In Villa Fiorito, a poor neighborhood in the south of the capital, fans made a pilgrimage to the run-down house where Maradona and his brothers grew up. And in Tigre, on the other side, in the rich north of the city, the cameras huddled in front of the entrance to that noble gated residential neighborhood where Maradona died.

Maradona was a fighter who would not give up. Maybe that’s why his death hits Argentines so hard now: they just might have needed someone like him. Argentina was quarantined for around 230 days due to the coronavirus, much of which was in strict isolation and not even allowed to walk. Now the numbers of the infection are finally dwindling again, but at the same time the economy is experiencing the worst collapse ever in the country’s already crisis-ridden history. 40 percent of Argentines already live below the poverty line, inflation is rising and rising, and now that too: God is dead.

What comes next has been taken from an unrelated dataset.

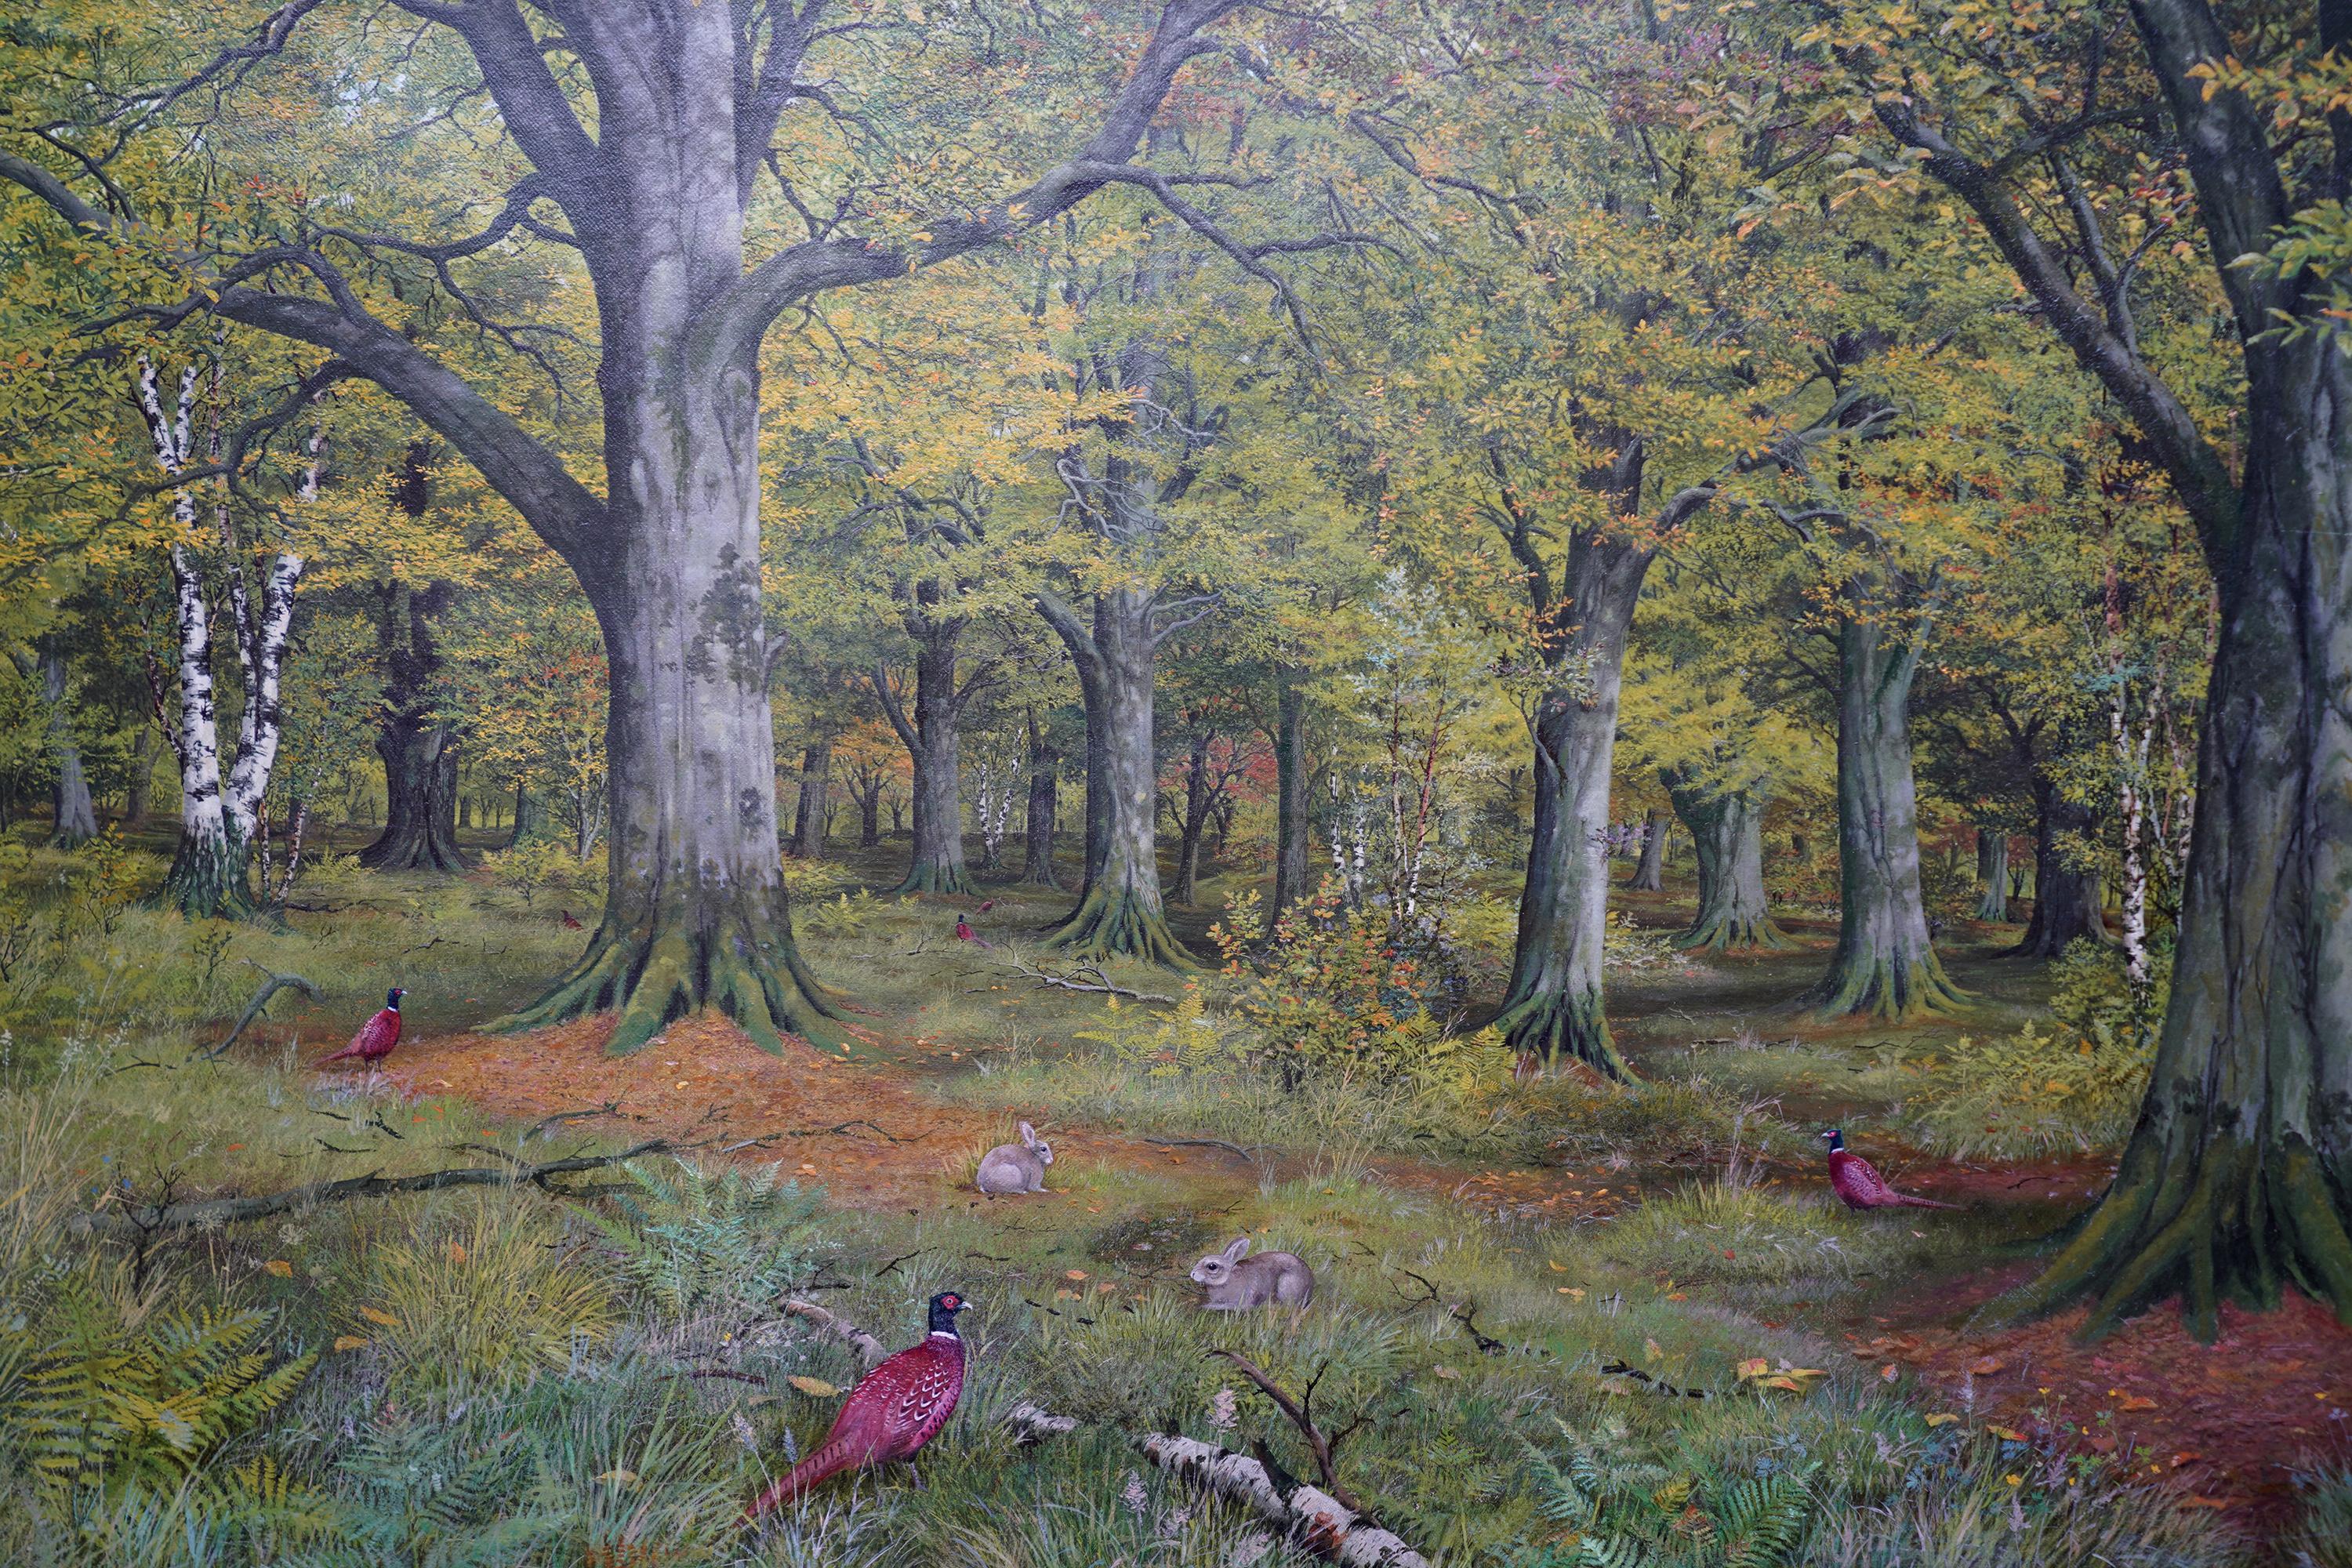 Dieses schöne schottische Ölgemälde einer viktorianischen Waldlandschaft stammt von dem bekannten schottischen Künstler John Reid. Es wurde 1880 in der Royal Scottish Academy gemalt und ausgestellt. Der Ort ist Morden oder Moredun Wood in Edinburgh.

“Diego is not dead, Diego is not dead”

“How am I?” Lucas Andrago asks. What a question! “Shit of course!” Andrago is 36 years old, wearing a black and white jersey of the Argentine national team and a can of beer in his hand. Together with some friends he came to Avenida 9 de Julio, the avenue in the center of Buenos Aires, the splendor and glory of times gone by, when Argentina was still one of the richest countries in the world. Now there is traffic chaos, a few hundred more Maradona fans have arrived with Andrago and the number is constantly increasing. “Diego is not dead, Diego is not dead” they sing, and this continues to fucking live in people’s hearts.

Andrago says Diego has always been there for as long as he could remember. “With my father we saw the games on television, even the old ones, on video, again and again.” For many Argentines, Maradona was just that: not just a footballer, but a part of their life and Argentina’s national identity. Andrago says he knows the quarter-finals at the 1986 World Cup by heart, as he has seen it many times. Maradona shot England of all places off the pitch, the country where Argentina had lost the war for the Falkland Islands just four years earlier. Although he had to help with his hand in the first goal, in the second he played alone half a dozen English players. When Argentina also won the final against Germany, the dark years of the Argentine dictatorship and catastrophic economic problems were forgotten for a brief moment. Argentina was world champion. And Diego became “Dios”.

The fact that he stayed that way, despite all the scandals, drug problems, doping bans, excesses and mistakes, was perhaps his greatest achievement in the end – and the greatest sign of his fans’ love. . “Errors? What errors?” Asks Andrago. “Maradona may not have always done everything right, but we love him even more for it.”

The Argentine president has now ordered three days of national mourning. No public celebration, all flags at half mast. After a bit of back and forth, the body is not placed in a football stadium, but in the Casa Rosada, the Argentine presidential palace in downtown Buenos Aires. Fans can say goodbye to their idol for 48 hours, conservative estimates say that up to a million people could come.

A little away from the crowd on 9 de Julio, a woman is sitting on a wall with a framed picture of Maradona. Her name doesn’t matter, she says, after all, it’s not about her today, but about Maradona. A long time ago he bought his photo in a junk shop. “I’m a fan of Maradona, not for her legs, but for her big heart,” she says and who took the photo with her today to greet her. “Then I’ll hang it up in my kitchen again.” Will he put a candle under the photo now that Diego is dead? Garbage, the woman says, doesn’t believe anything like that. Who needs God when D10S is around?